Officials at business technology optimization (BTO) software maker
Mercury Interactive announced Monday an upgrade to its Portfolio Management offering, in a bid to give CIOs more options when tracking IT projects.
Portfolio Management 5.5 expands on a product first introduced last
June when the Sunnyvale, Calif., acquired
IT governance software vendor Kintana. The software tracks, manages
and gives IT managers a top-down view of projects within the company.
The software component is one of eight packages bundled in the IT
Governance Center, a key element in the company’s BTO
strategy that covers IT projects from conception to completion.
Sue Barsamian, Mercury vice president of strategic marketing, said
company
executives are realizing the difficulties in using Excel
spreadsheets in order to manage elaborate software projects.
“We find that companies just don’t have a handle on what their project
portfolio is and where they’re spending time and money,” she told
internetnews.com.
The enhancements boil down into two areas: monitoring IT projects and
providing best-practices examples for out-of-the-box software installs.
To increase the effectiveness of its software monitoring, Mercury
developers
enhanced project dashboards, scorecards, metrics and ratings to expand
the
flexibility of the program. With Portfolio Management 5.5, IT
departments
can parse projects by expense, resources or importance, giving managers
the
ability to check on the status of projects using the metric they find
most
effective.
Alex Lobba, Mercury’s vice president of
product management for IT governance, said using such metrics can help not just within the IT department, but
throughout the enterprise. “It’s not just the savings of hard dollars, it’s also the way of doing
business between IT and the lines of business themselves,” he said.

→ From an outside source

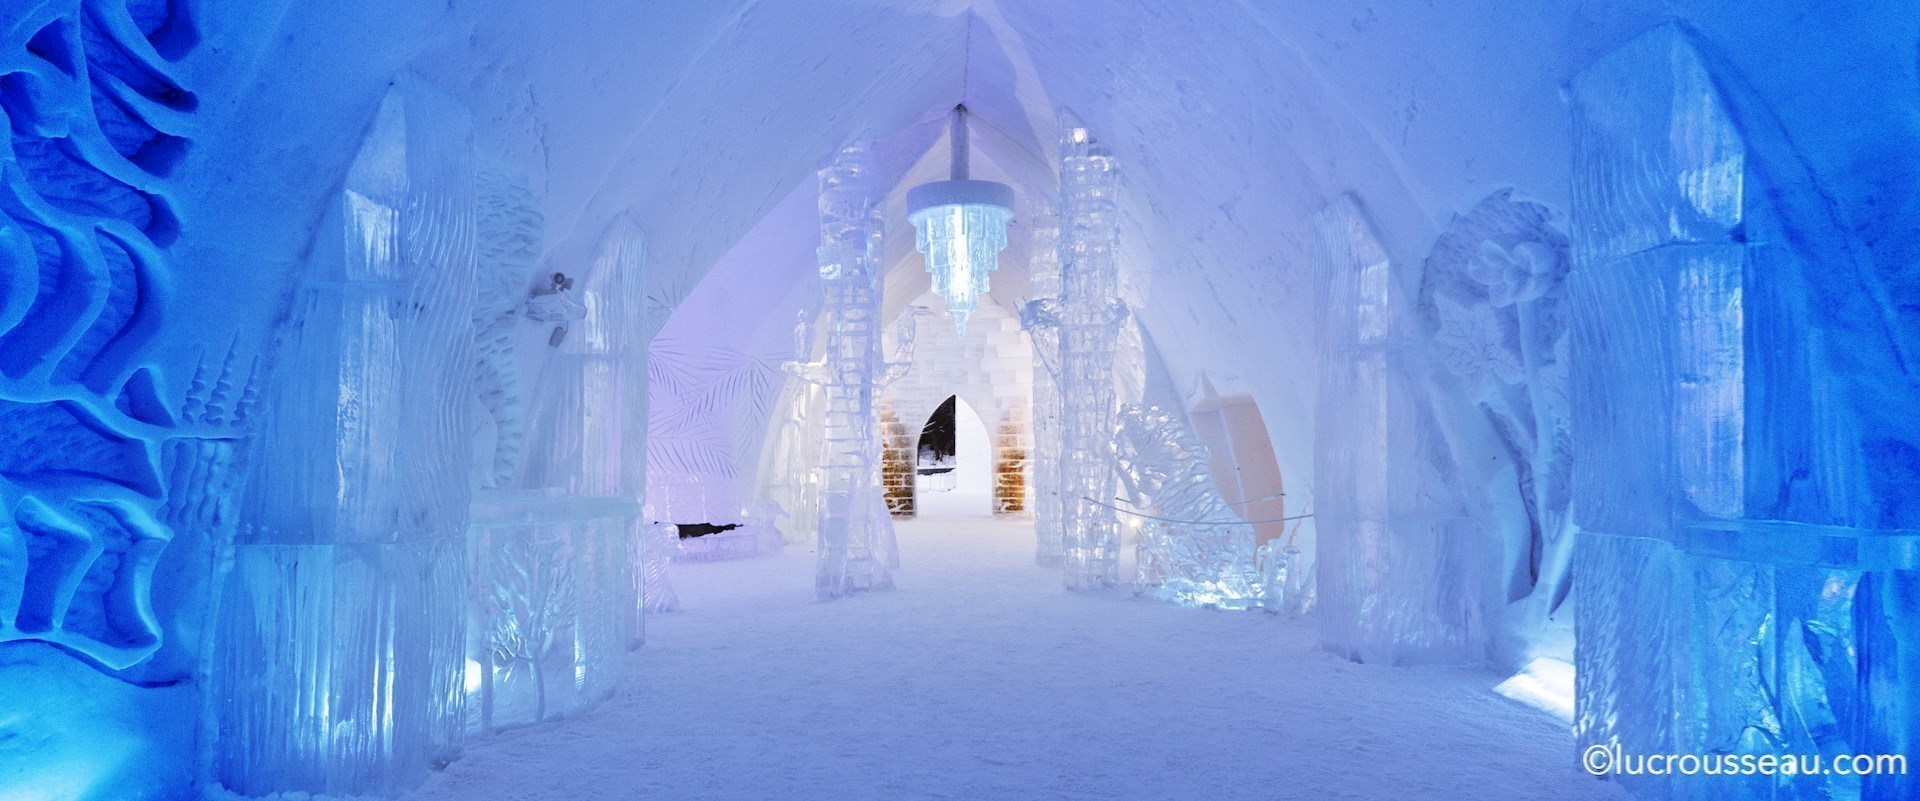 Ice Hotel Experience - 2022 / 2023 Quebec City Breaks

“Because now you have a true partnership, there is visibility across
the
board, and (IT managers) can sit with his CFO and CIO across the table
looking at a real-time dashboard and make decisions on priorities.”
To woo new customers, Mercury also included best practices from other
customers to speed up integration of the software within the company,
and
supplying “what if” scenarios to see how other companies handled
similar
projects.
The company also introduced the Fast Start Program for Portfolio
Management
5.5, which gives new customers a portfolio view of the top projects
within
the company in two weeks. What makes the software unique, said Zeus
Kerrevala, vice president of enterprise infrastructure research at the
Yankee Group, is the fact Fast Start is geared for IT departments with
existing projects.
“Mercury is the only one that’s taken, through the Kintana acquisition
that
has a product that focuses on projects underway as well as new
projects,” he
told internetnews.com. “It’s Fast Start program is fairly
unique,
the time it takes to install IT governance software can be pretty
daunting,
but it’s got a relatively low price point and gives companies very
little
excuse not to do it.”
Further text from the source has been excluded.